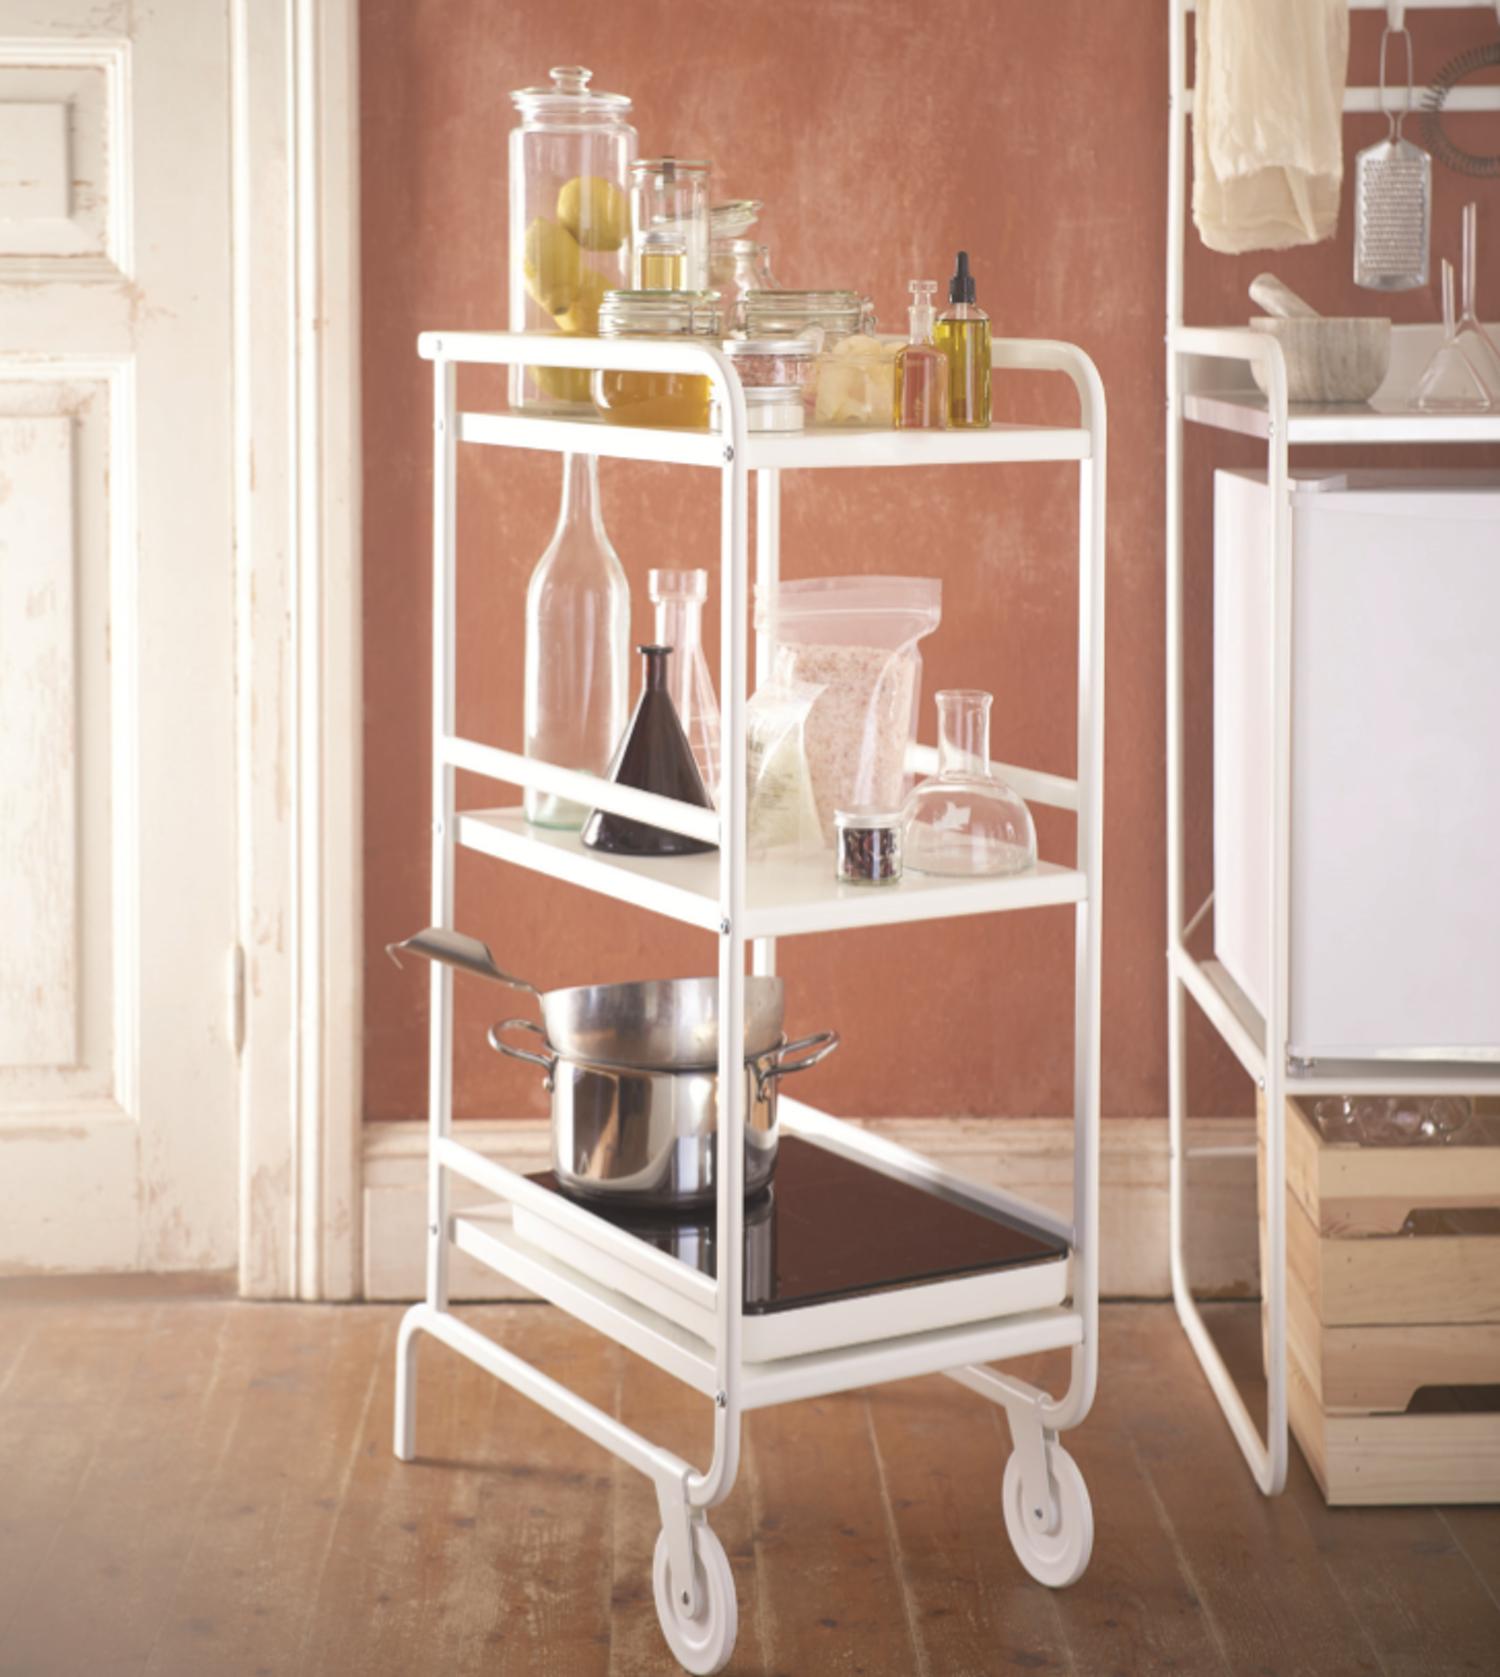 7 SUNNERSTA Cart & Mini Kitchen (With images) Ikea bar
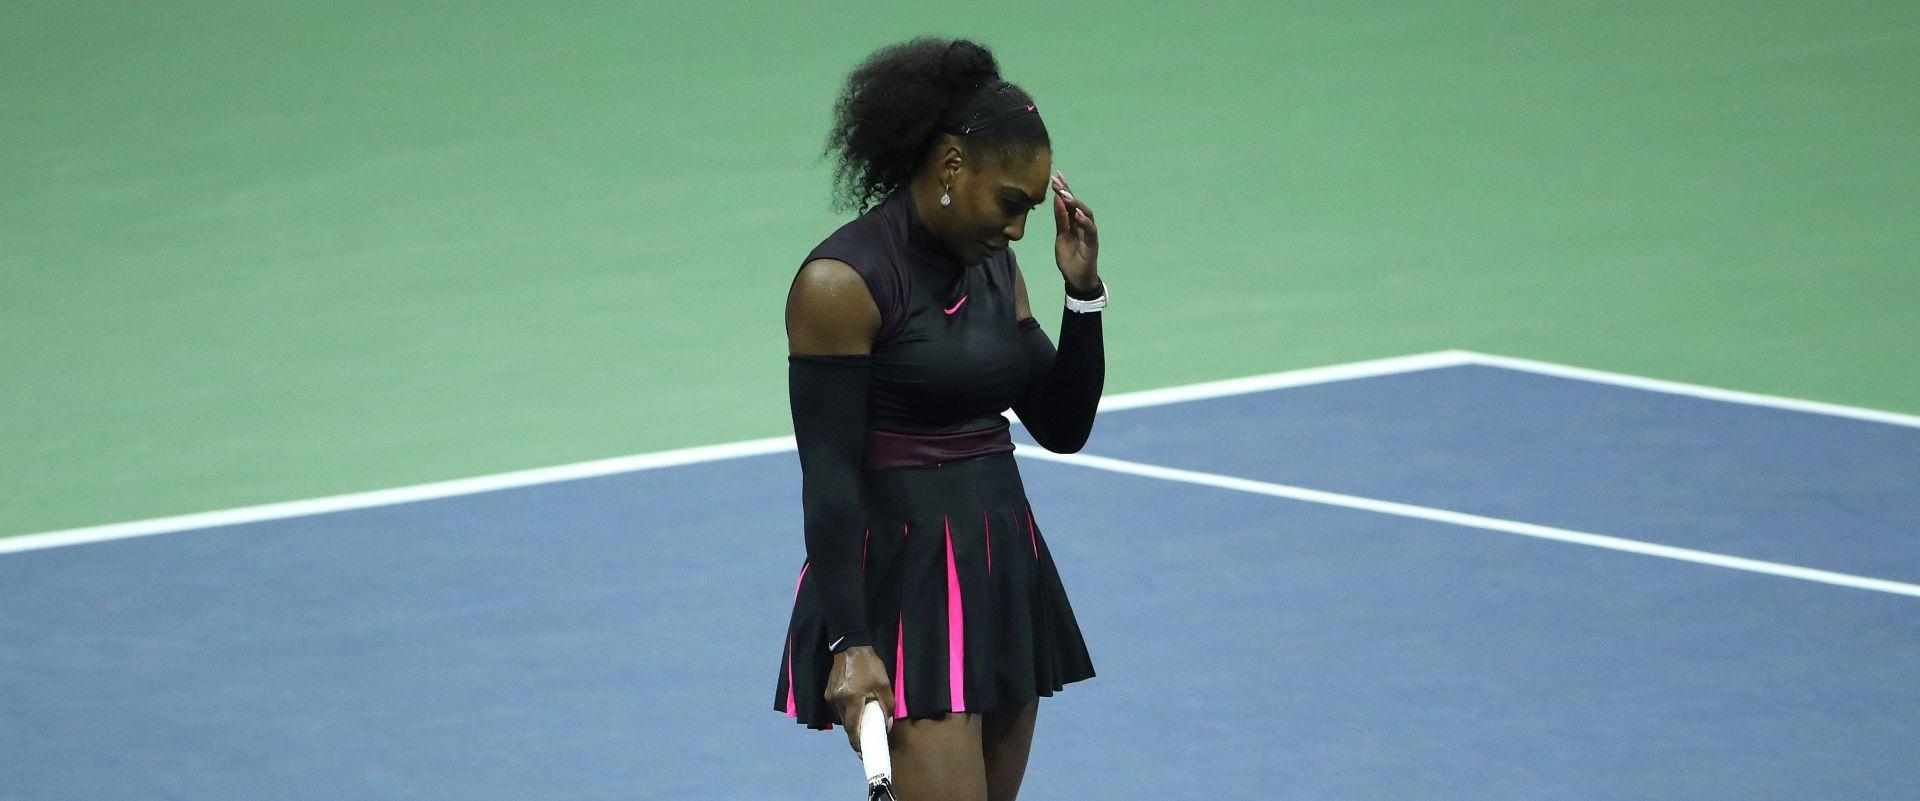 Serena Williams izgubila finale i broj 1 na WTA ljestvici, za titulu na US Openu bore se Pliškova i Kerber
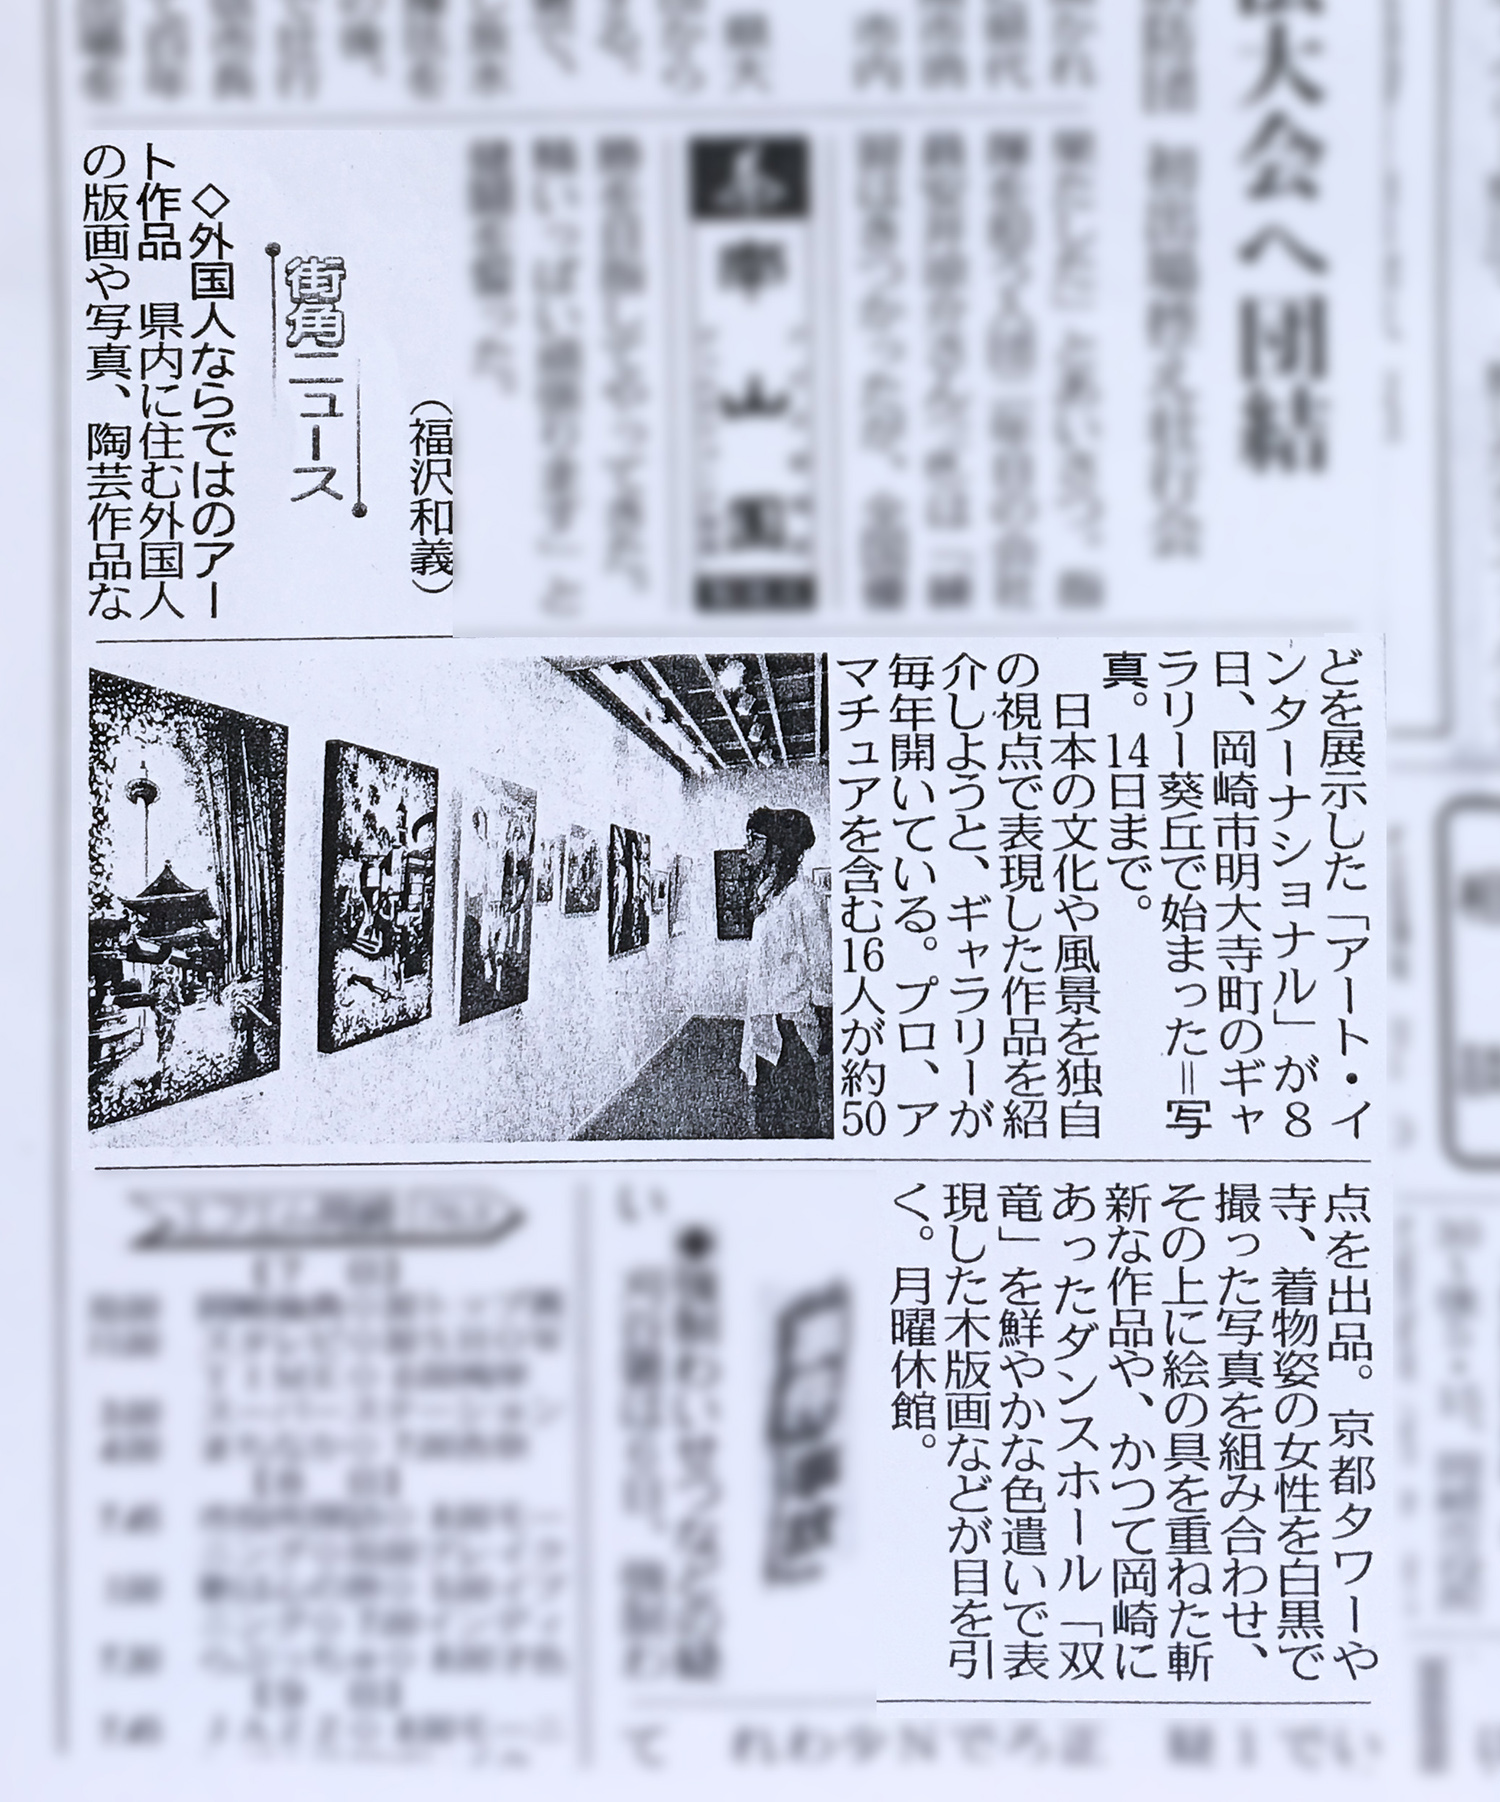 tokai-aichi-newspaper-october2018.jpg
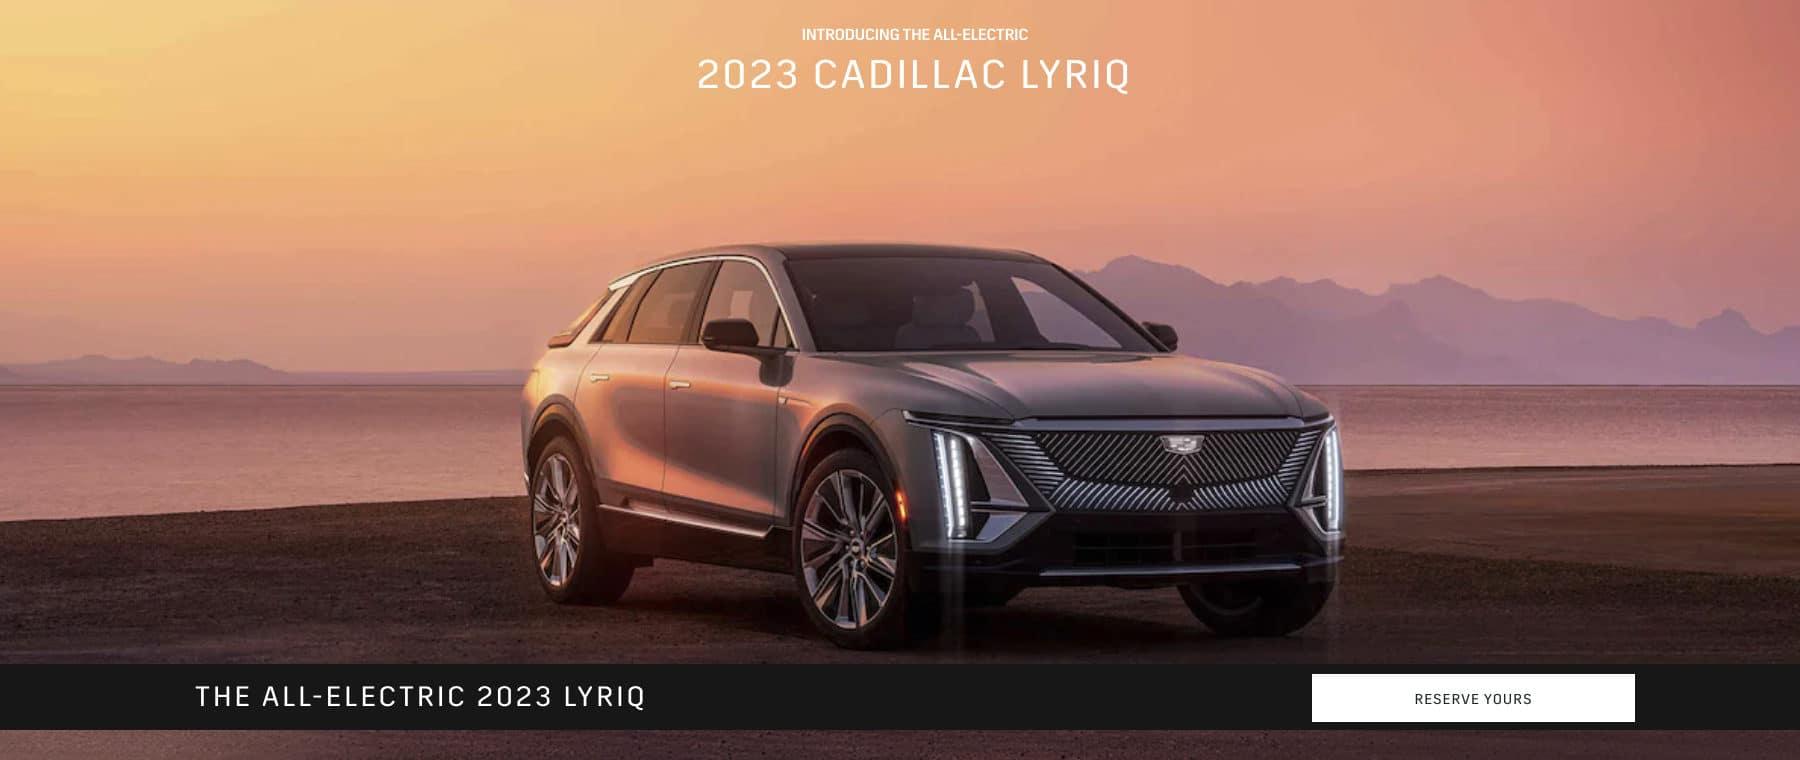 Lyric Cadillac PEI

## Task goal
Retype the data exactly as it stands, but keep the images out of your copy.

## Exercise answer
 7 SUNNERSTA Cart & Mini Kitchen (With images) Ikea bar
 Serena Williams izgubila finale i broj 1 na WTA ljestvici, za titulu na US Openu bore se Pliškova i Kerber
 tokai-aichi-newspaper-october2018.jpg
 Lyric Cadillac PEI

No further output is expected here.